A Childhood in Birmingham

Angela Yvonne Davis was born in Birmingham in 1944, in a city that would become one of the defining battlegrounds of the Civil Rights Movement. She grew up in a neighborhood so targeted by racist violence it became known as “Dynamite Hill,” where Black families who moved into previously white areas were met with bombings and terror. Courage, then, was not theoretical in her childhood home. It was atmospheric.

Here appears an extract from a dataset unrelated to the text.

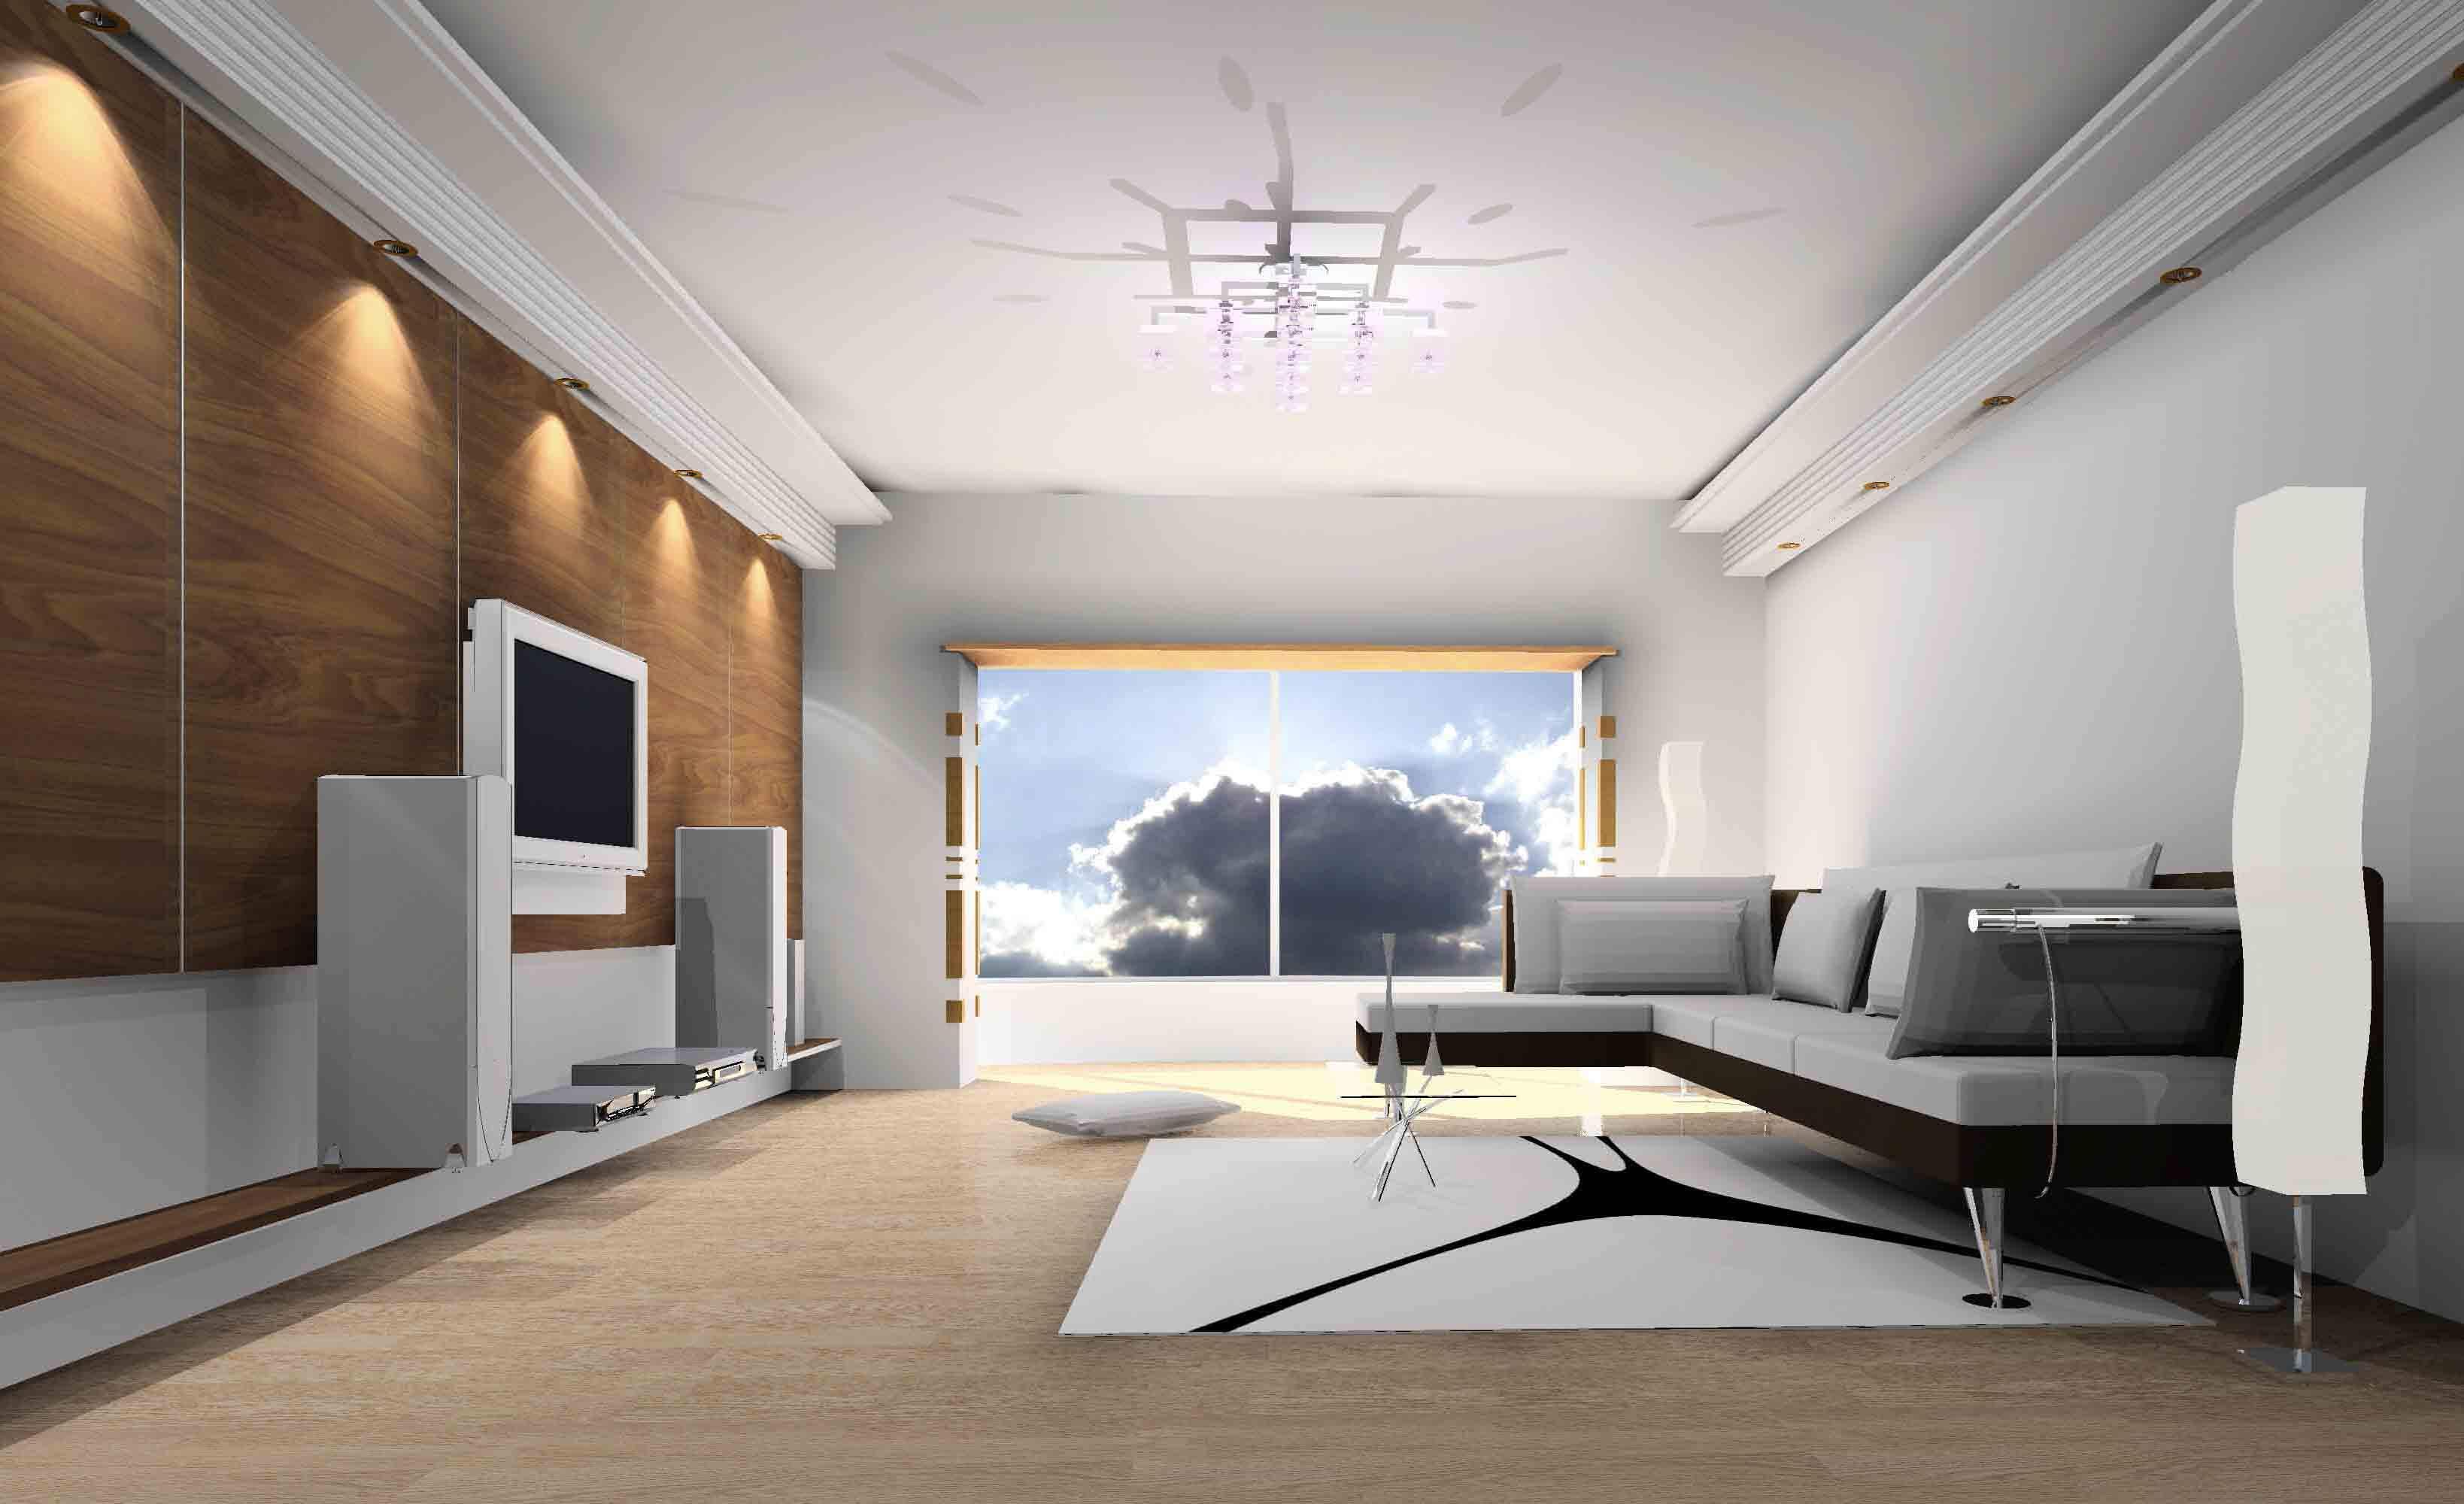 丹东风光无限装饰设计工程有限公司

Her mother, Sallye Davis, was a teacher and activist involved in civil rights organizing. Her father, Frank Davis, owned a service station and valued education, self-sufficiency, and dignity. In that household, ideas mattered. So did discipline. So did refusing to accept humiliation as normal. Long before Angela Davis became famous, she was a young girl watching adults risk comfort for principle. That kind of witness changes a person.

Books as a Doorway

Angela Davis did not stumble into politics through trend or performance. She studied her way there. She read herself into consciousness. Many activists are remembered for speeches, but often their first revolution happened in silence—with a book open in their lap. For Davis, reading was foundational. Literature, history, and philosophy offered language for the contradictions she already sensed around her: democracy preached beside segregation practiced; freedom promised beside violence delivered. Even now, her life reminds us that books do not merely inform—they can reorganize a person’s sense of what is possible.

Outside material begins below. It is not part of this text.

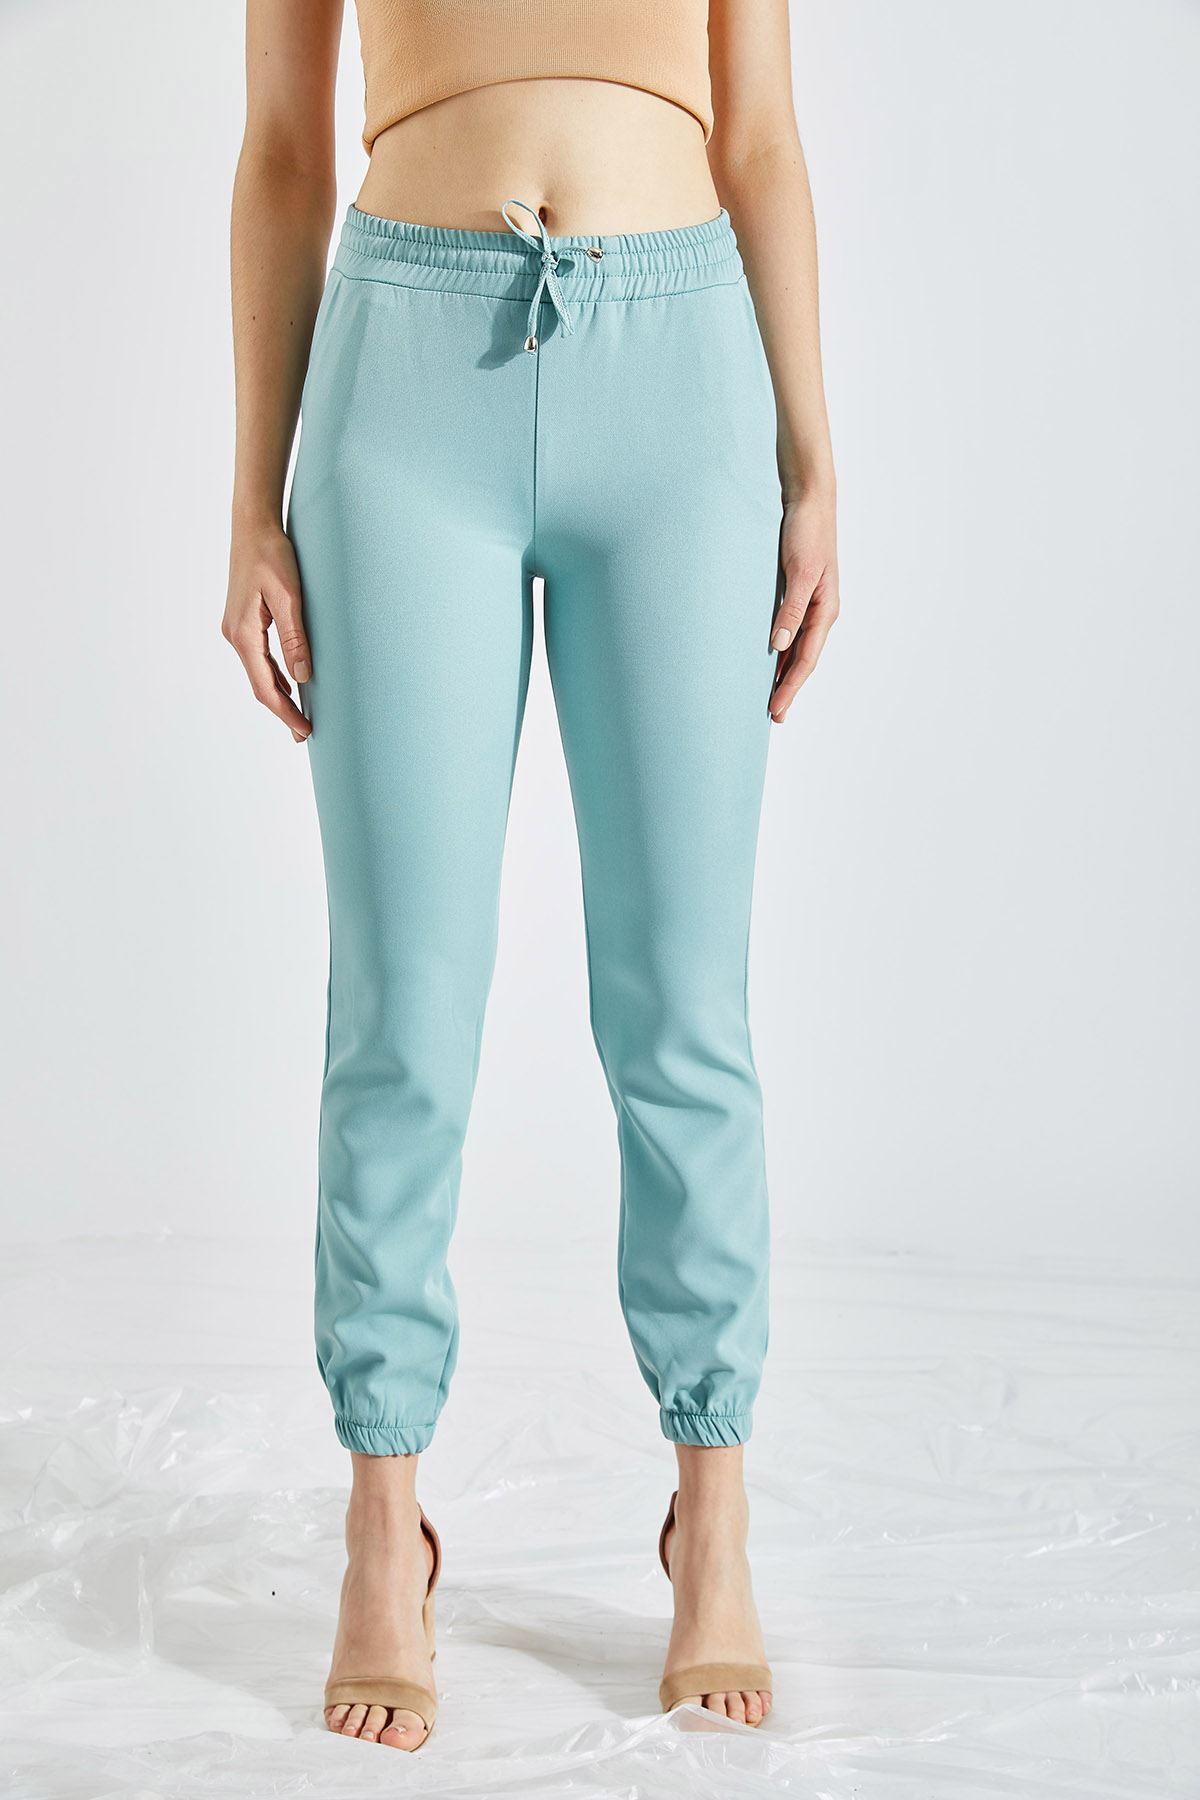 Kadın Bel Ve Paça Lastikli Mint Kumaş Pantolon

The Courage to Be Unpopular

There is a particular courage required to oppose injustice when it is fashionable. There is another kind required when doing so costs you nearly everything. Angela Davis knew the second kind. In the late 1960s and early 1970s, she became associated with movements for Black liberation, prison abolition, workers’ rights, and international solidarity. She was connected to the Black Panther Party in the broader ecosystem of Black radical politics, though she was more directly involved with the Communist Party USA and other organizing efforts.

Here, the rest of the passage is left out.